The ‘Alkane Advantage’ includes benefiting from soaring global gold sales
Alkane Resources Ltd. (‘Alkane’, ASX: ALK | OTCQX: ALKEF) engaged in the exploration and mining of rare earths and gold. In recent months, Alkane has filled more headlines for gold than rare earths because last March, its Tomingley gold mine southwest of Dubbo officially opened and started production on schedule. Alkane estimated an initial revenue was estimated at about AUD$ 20-25 million, given a yearly production of some to 60,000 ounces. The timing of Tomingley’s opening is ideal as, despite a halt in the gold price rally, Alkane has benefited from soaring global gold sales, allowing the Company to essentially ‘hedge’ against the drop. In the second quarter, the world bought 190,000 more ounces than expected, bringing the total to 5.07 million ounces. This is the first increase in forward sales since 1999. For the full year, experts predict that gold sales should increase at least by one million ounces.
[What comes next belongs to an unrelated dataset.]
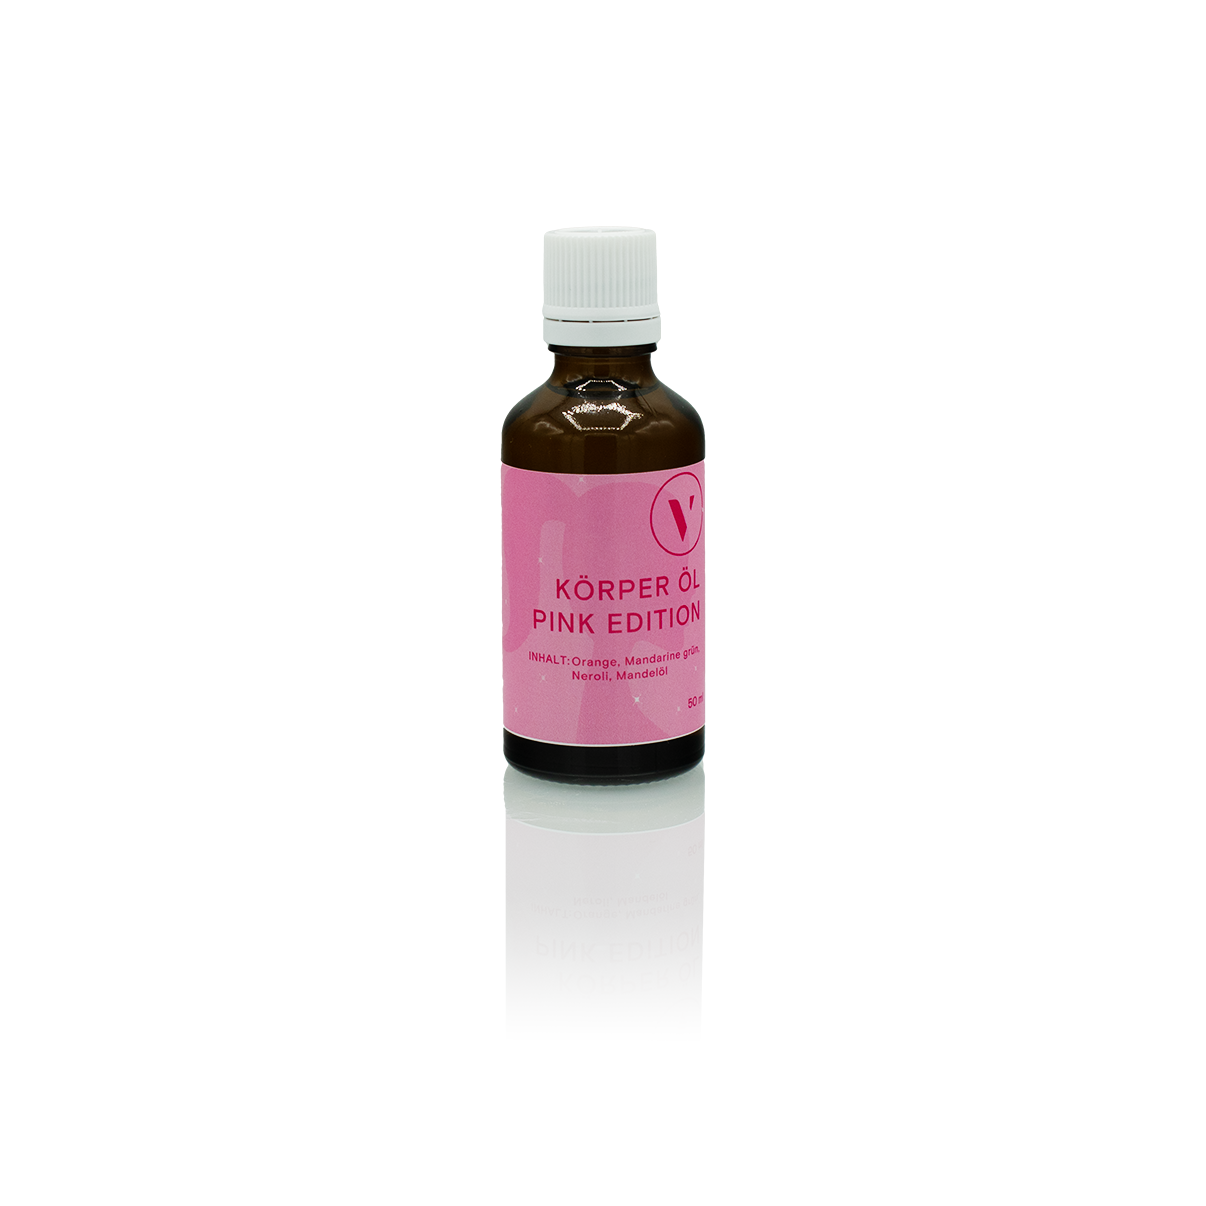 Dunkelbraune, durchsichtige Glasflasche mit weißer Verschlusskappe und rosa Etikett des pflegenden Körperöls.

Alkane may likely increase production earlier than expected in order to take advantage of the demand. Alkane has hedged its gold with Credit Suisse “for delivery of 25koz by 16 May 2014 at a price of AUD$ 1,449/oz (USD$1,308/oz), limiting gold price volatility. Alkane Resources has also made an effort to be as efficient as possible in its gold exploration, using an advanced numerical model developed in collaboration with scientists from the West Australian Commonwealth Scientific and Industrial Research Organisation (CSIRO) to reveal details about Alkane’s three gold deposits at Tomingley in order to determine gold mineralization zones that have remained hidden from geologists. The alternative would have been to rely on the more expensive and less efficient pattern drilling method.
Alkane has an additional advantage in that, being in Australia, it is well placed, geographically and through various trade agreements to take advantage of Chinese gold demand. China is expected to remain the undisputed leader of the gold consumption in the coming years. According to the World Gold Council (WGC), Chinese demand is expected to jump 25% by 2017 to reach a total of 1,350 tons of gold. China is literally thirsty for gold and it already accounts for 26% of global private demand. The Chinese consider equity markets to be too volatile and real estate, which is driving demand for direct investment in gold bars and jewelry. The WGC believes that Chinese consumption of gold jewelry should rise from 669 tons in 2013 to 780 tons in 2017.
Alkane’s gold will help finance the Dubbo Zirconia project in New South Wales rare earths project. Even if gold has stolen the headlines lately, Alkane has been continuing development at Dubbo. In early April it signed a contract with Hatch Pty Ltd to provide front end and design (FEED) to deliver engineering, infrastructure, water and acid plant processing among other aspects on the basis of the Definitive Feasibility Study issued in April 2013. The FEED will give Alkane as accurate an idea as possible about the core costs of getting the project to production and, therefore, ease the necessary funding to bring the project to production. Alkane expects the FEED to be ready by the start of the fourth quarter, or at the end of the summer. The DFS for the Dubbo Zirconia Project predicted an initial 20 year life with EBITDA of AUD$5.23 billion and NPV of AUD$1.23 billion. Alkane has already managed to secure some very big financial players to arrange the investment banking and product financing support including Credit Suisse, Sumitomo Mitsui Bank and Petra Capital.
In April, Alkane also announced that it has found a gold and copper mineralization zone at the McGregor Prospect of its Kaiser Project, also in New South Wales, which presented 1.06% copper at 8 meters and 0.34 grams per ton of gold at 109 meters.